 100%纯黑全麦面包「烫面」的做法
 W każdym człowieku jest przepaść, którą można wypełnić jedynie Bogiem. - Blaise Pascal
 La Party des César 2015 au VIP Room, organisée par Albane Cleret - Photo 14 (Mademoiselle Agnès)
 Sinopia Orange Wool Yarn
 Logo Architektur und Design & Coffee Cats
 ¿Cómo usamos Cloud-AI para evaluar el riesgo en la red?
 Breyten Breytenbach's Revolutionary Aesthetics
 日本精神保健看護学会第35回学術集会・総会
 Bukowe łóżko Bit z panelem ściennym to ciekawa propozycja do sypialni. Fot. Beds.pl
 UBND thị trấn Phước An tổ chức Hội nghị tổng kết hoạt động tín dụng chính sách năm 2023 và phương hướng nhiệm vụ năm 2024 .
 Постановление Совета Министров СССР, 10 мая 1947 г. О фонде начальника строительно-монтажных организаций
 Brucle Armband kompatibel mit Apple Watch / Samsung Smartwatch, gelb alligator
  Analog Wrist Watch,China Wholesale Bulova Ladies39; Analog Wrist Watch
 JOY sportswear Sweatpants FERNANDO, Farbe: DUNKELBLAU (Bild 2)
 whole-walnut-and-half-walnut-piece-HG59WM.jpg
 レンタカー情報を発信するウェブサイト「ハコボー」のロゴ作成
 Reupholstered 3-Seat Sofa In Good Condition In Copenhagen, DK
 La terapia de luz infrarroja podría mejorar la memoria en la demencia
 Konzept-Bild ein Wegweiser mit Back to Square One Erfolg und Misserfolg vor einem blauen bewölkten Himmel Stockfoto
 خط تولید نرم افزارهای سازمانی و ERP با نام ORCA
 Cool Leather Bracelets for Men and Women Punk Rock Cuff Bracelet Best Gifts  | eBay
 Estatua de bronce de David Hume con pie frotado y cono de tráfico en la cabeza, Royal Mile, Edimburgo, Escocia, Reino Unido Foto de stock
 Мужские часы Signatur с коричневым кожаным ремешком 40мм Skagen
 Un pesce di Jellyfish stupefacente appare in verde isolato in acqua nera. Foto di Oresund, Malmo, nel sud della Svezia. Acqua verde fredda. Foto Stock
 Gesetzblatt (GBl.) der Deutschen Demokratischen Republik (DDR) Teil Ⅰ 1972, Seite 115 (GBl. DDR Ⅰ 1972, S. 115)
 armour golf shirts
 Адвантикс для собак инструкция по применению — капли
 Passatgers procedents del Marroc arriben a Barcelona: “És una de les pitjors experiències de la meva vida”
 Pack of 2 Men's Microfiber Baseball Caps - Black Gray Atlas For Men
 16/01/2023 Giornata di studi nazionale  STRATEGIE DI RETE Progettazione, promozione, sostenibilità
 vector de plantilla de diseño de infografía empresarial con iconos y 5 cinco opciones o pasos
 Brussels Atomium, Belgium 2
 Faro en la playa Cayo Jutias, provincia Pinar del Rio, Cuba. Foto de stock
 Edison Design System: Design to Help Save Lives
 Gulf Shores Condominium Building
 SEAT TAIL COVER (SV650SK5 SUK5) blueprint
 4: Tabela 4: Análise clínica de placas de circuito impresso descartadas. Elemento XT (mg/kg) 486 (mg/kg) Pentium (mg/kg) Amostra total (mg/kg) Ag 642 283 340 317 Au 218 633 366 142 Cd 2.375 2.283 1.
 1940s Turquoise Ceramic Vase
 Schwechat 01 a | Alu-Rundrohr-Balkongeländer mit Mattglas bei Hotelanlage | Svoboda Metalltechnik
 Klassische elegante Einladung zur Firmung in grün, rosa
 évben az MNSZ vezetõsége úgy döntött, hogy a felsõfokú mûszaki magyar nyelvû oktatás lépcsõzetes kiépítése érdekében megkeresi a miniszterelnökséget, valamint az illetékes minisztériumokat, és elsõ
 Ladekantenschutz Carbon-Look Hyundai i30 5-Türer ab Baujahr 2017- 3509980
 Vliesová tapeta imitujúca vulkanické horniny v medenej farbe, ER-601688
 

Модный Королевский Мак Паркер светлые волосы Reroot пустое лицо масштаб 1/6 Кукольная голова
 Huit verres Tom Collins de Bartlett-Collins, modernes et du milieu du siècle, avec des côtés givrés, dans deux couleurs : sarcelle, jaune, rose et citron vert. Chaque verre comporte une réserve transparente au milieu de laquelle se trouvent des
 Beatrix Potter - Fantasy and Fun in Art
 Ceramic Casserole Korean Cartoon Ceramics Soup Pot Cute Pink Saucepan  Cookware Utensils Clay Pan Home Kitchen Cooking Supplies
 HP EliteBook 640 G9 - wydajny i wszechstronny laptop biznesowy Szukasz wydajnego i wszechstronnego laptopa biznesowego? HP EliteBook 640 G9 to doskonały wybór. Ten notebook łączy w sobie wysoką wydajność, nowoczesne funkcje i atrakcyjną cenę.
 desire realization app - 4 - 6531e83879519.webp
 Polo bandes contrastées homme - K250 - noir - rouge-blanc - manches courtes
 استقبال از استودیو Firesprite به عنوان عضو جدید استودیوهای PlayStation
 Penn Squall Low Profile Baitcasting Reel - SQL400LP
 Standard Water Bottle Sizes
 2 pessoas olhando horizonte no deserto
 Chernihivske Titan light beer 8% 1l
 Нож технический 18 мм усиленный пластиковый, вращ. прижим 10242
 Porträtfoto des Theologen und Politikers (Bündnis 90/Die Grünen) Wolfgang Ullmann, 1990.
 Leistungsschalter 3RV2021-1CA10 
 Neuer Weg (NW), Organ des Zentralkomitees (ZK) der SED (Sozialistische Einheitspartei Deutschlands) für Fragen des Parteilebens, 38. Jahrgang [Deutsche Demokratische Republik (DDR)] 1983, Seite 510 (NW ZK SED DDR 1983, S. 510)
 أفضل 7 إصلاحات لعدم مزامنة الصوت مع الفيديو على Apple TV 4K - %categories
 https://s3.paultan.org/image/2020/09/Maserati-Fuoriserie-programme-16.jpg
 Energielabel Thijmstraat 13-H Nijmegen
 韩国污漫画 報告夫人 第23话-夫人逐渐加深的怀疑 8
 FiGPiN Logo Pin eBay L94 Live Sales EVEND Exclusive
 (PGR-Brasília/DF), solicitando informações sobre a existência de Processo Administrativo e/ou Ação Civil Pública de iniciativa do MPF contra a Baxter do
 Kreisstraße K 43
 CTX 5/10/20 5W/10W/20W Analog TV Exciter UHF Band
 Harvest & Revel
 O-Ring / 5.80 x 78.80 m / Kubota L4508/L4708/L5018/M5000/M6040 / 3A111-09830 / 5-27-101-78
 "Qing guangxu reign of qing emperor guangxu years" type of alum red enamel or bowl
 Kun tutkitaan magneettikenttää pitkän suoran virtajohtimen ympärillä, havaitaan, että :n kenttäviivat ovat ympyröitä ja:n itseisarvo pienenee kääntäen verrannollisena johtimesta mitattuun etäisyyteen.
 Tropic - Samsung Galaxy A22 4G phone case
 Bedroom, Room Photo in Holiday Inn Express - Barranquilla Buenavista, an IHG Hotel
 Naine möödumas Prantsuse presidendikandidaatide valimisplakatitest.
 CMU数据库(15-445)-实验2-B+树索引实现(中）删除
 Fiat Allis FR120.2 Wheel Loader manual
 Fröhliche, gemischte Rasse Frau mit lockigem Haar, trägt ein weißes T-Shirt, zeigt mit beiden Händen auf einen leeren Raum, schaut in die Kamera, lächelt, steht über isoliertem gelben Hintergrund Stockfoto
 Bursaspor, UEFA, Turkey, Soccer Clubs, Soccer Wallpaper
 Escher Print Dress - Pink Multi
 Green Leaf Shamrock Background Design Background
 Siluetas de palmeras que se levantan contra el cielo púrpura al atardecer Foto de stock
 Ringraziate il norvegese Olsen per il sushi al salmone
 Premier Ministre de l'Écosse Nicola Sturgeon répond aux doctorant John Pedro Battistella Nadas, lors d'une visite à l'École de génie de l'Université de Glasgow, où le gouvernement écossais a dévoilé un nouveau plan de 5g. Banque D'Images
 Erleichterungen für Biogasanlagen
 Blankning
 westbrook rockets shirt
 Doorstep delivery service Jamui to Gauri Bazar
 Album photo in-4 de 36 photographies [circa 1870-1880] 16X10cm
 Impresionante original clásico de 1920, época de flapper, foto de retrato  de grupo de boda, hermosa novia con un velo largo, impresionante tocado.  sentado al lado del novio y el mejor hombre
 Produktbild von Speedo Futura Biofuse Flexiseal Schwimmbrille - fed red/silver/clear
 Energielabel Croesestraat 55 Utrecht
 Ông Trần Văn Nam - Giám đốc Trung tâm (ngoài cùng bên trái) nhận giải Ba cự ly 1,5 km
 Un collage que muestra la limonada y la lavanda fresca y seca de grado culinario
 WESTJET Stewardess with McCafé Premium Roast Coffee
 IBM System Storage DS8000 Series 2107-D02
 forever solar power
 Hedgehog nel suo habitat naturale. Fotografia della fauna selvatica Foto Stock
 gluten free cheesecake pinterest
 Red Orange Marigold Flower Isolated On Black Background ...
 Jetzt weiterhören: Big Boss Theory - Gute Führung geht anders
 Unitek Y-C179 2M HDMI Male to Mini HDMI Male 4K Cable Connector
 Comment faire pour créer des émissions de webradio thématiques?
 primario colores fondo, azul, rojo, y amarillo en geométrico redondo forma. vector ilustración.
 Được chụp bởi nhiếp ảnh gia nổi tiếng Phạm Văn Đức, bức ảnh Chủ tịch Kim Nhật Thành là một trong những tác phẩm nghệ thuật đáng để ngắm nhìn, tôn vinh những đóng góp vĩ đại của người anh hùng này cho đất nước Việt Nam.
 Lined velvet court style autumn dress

Aim of the task:
Scan the material above for lines holding "Republik" and copy each of them.

Task result:
 Gesetzblatt (GBl.) der Deutschen Demokratischen Republik (DDR) Teil Ⅰ 1972, Seite 115 (GBl. DDR Ⅰ 1972, S. 115)
 Neuer Weg (NW), Organ des Zentralkomitees (ZK) der SED (Sozialistische Einheitspartei Deutschlands) für Fragen des Parteilebens, 38. Jahrgang [Deutsche Demokratische Republik (DDR)] 1983, Seite 510 (NW ZK SED DDR 1983, S. 510)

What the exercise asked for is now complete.